#### [Work instructions]
Transcribe the listing below verbatim, omitting pictures.

#### [Dataset content]

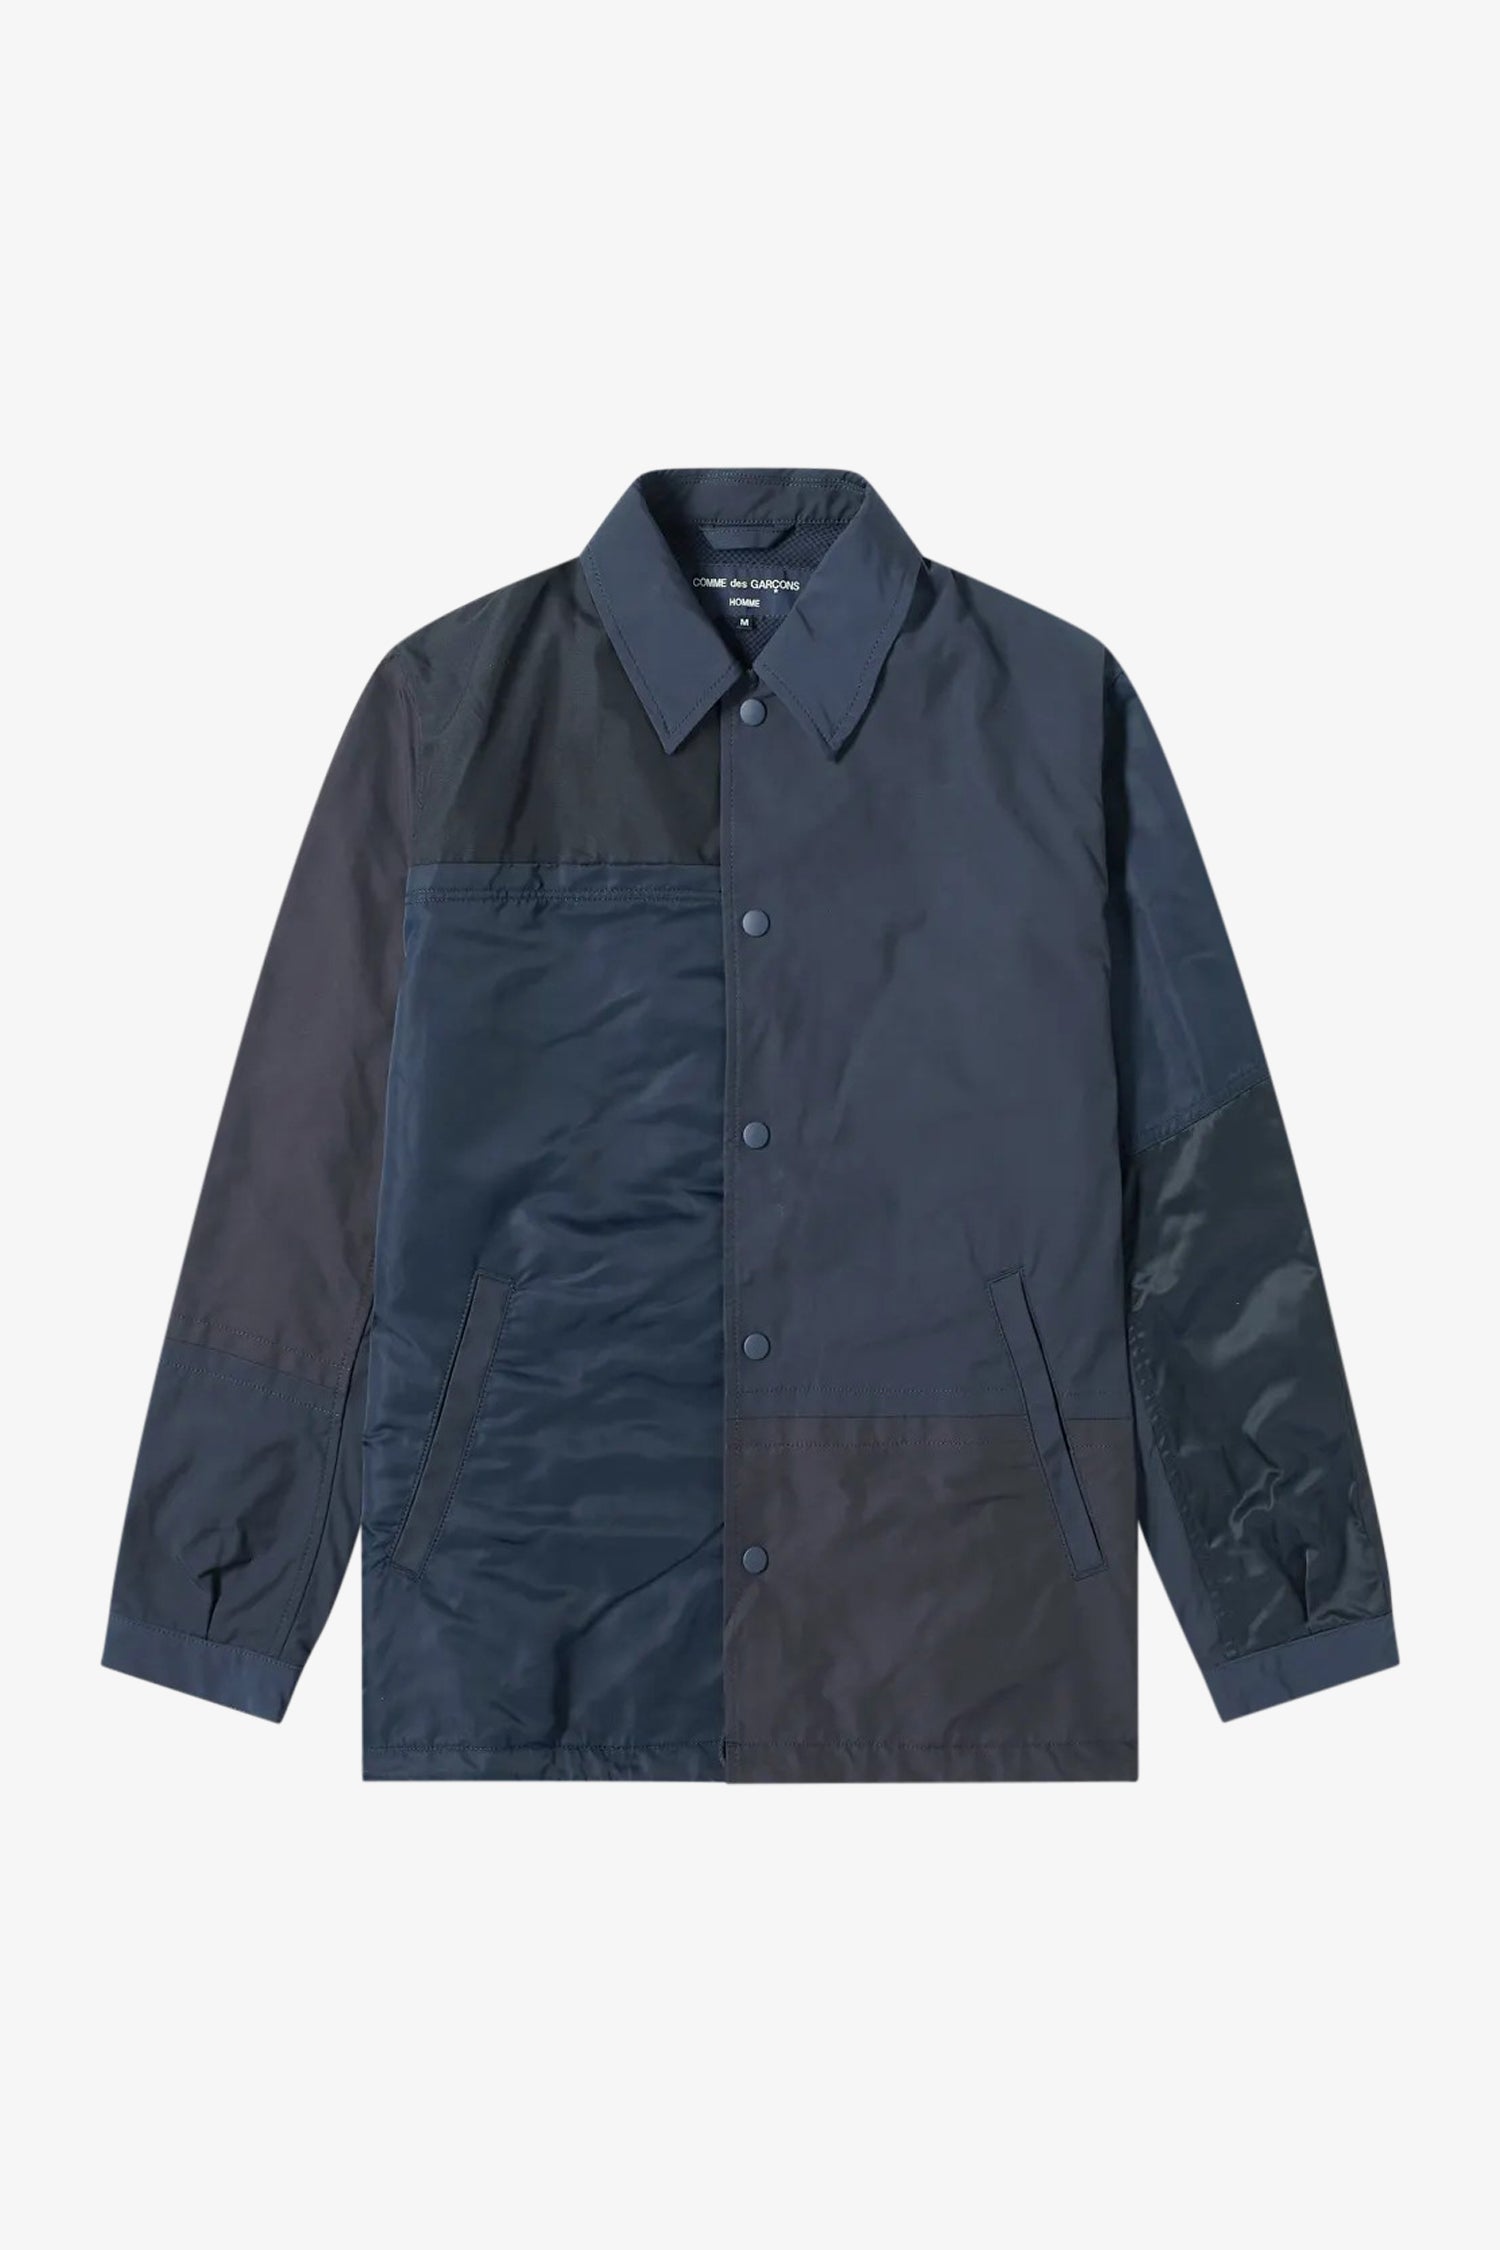 Selectshop FRAME - COMME DES GARÇONS HOMME Mix Nylon Panel Coach Jacket Outerwear Dubai
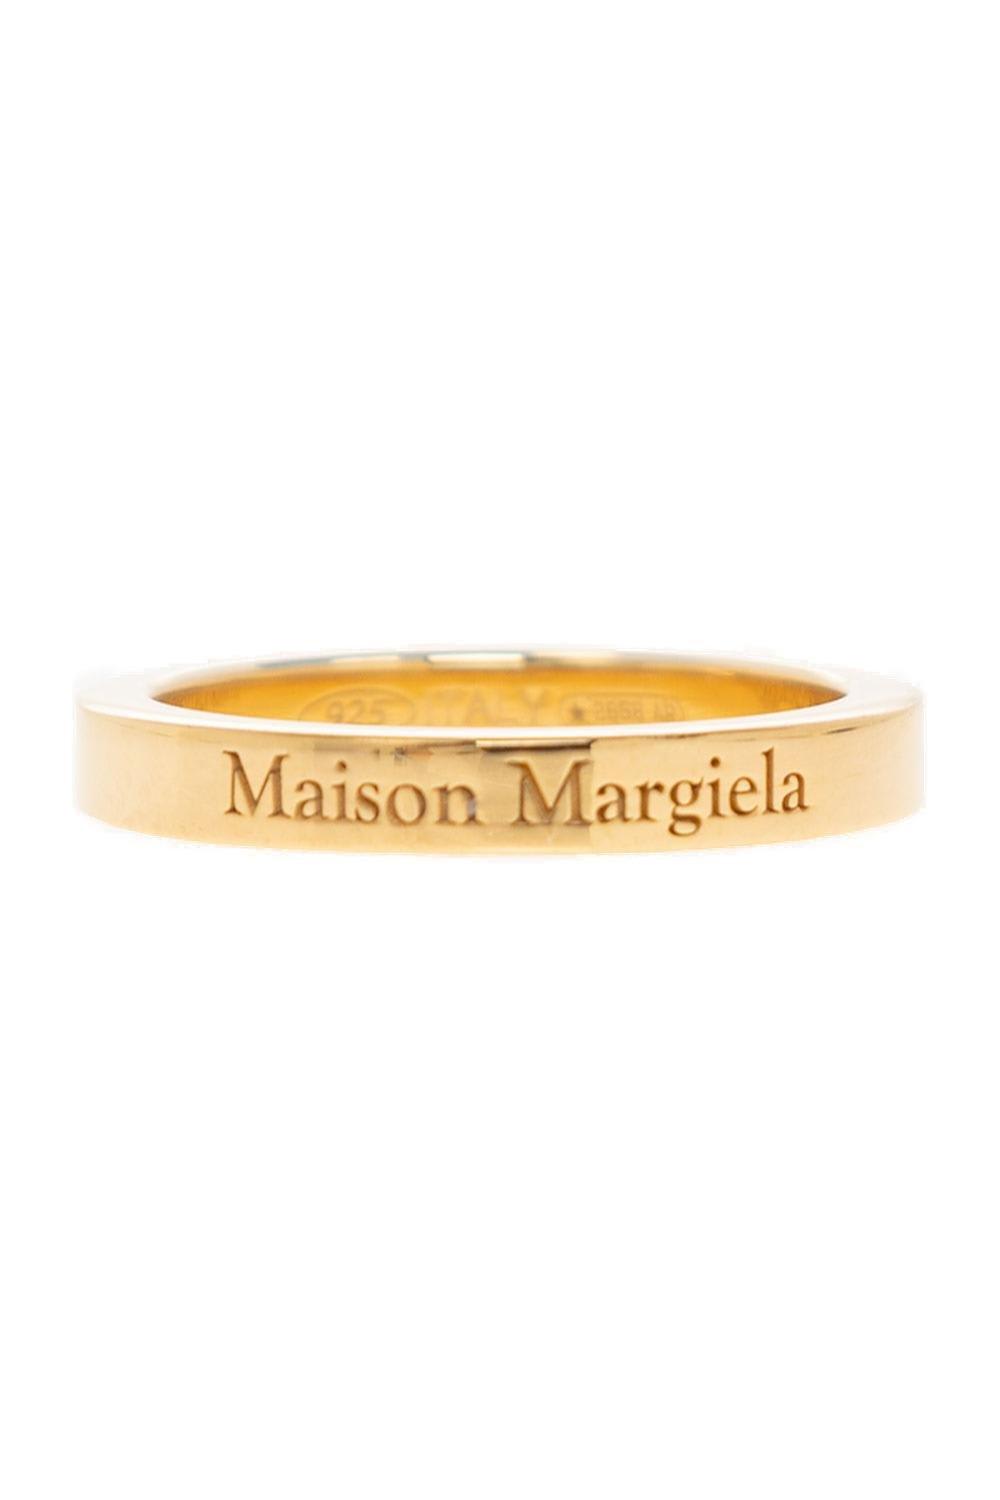 MAISON MARGIELA LOGO ENGRAVED RING
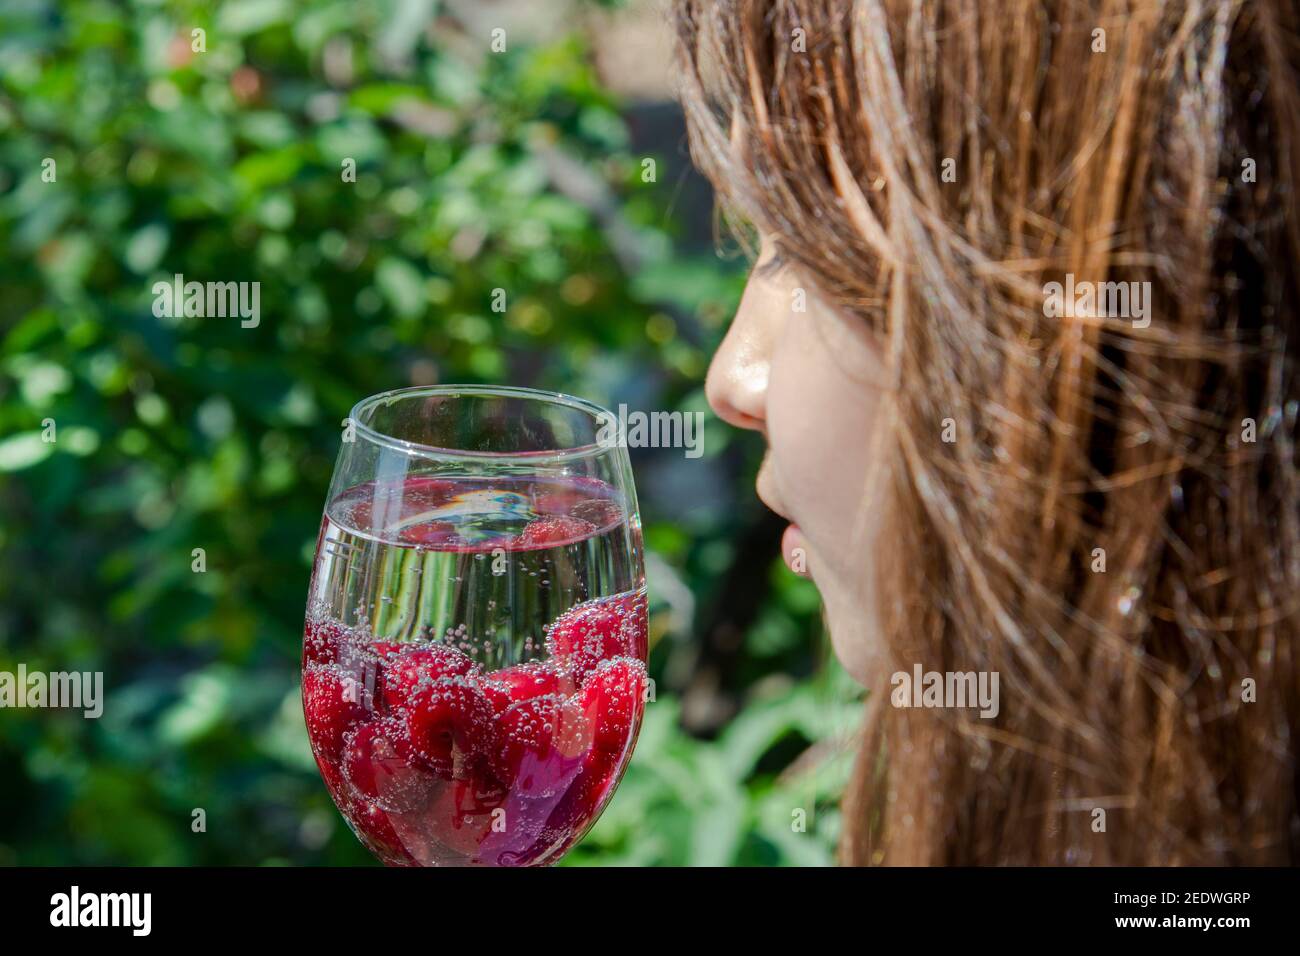 Une fille aux cheveux longs tient un verre de fizzy buvez et des baies de cerises mûres rouges avec un mélange de fizzy buvez sur le fond du feuillage vert de Banque D'Images

#### [Response]
 Selectshop FRAME - COMME DES GARÇONS HOMME Mix Nylon Panel Coach Jacket Outerwear Dubai
 MAISON MARGIELA LOGO ENGRAVED RING
 Une fille aux cheveux longs tient un verre de fizzy buvez et des baies de cerises mûres rouges avec un mélange de fizzy buvez sur le fond du feuillage vert de Banque D'Images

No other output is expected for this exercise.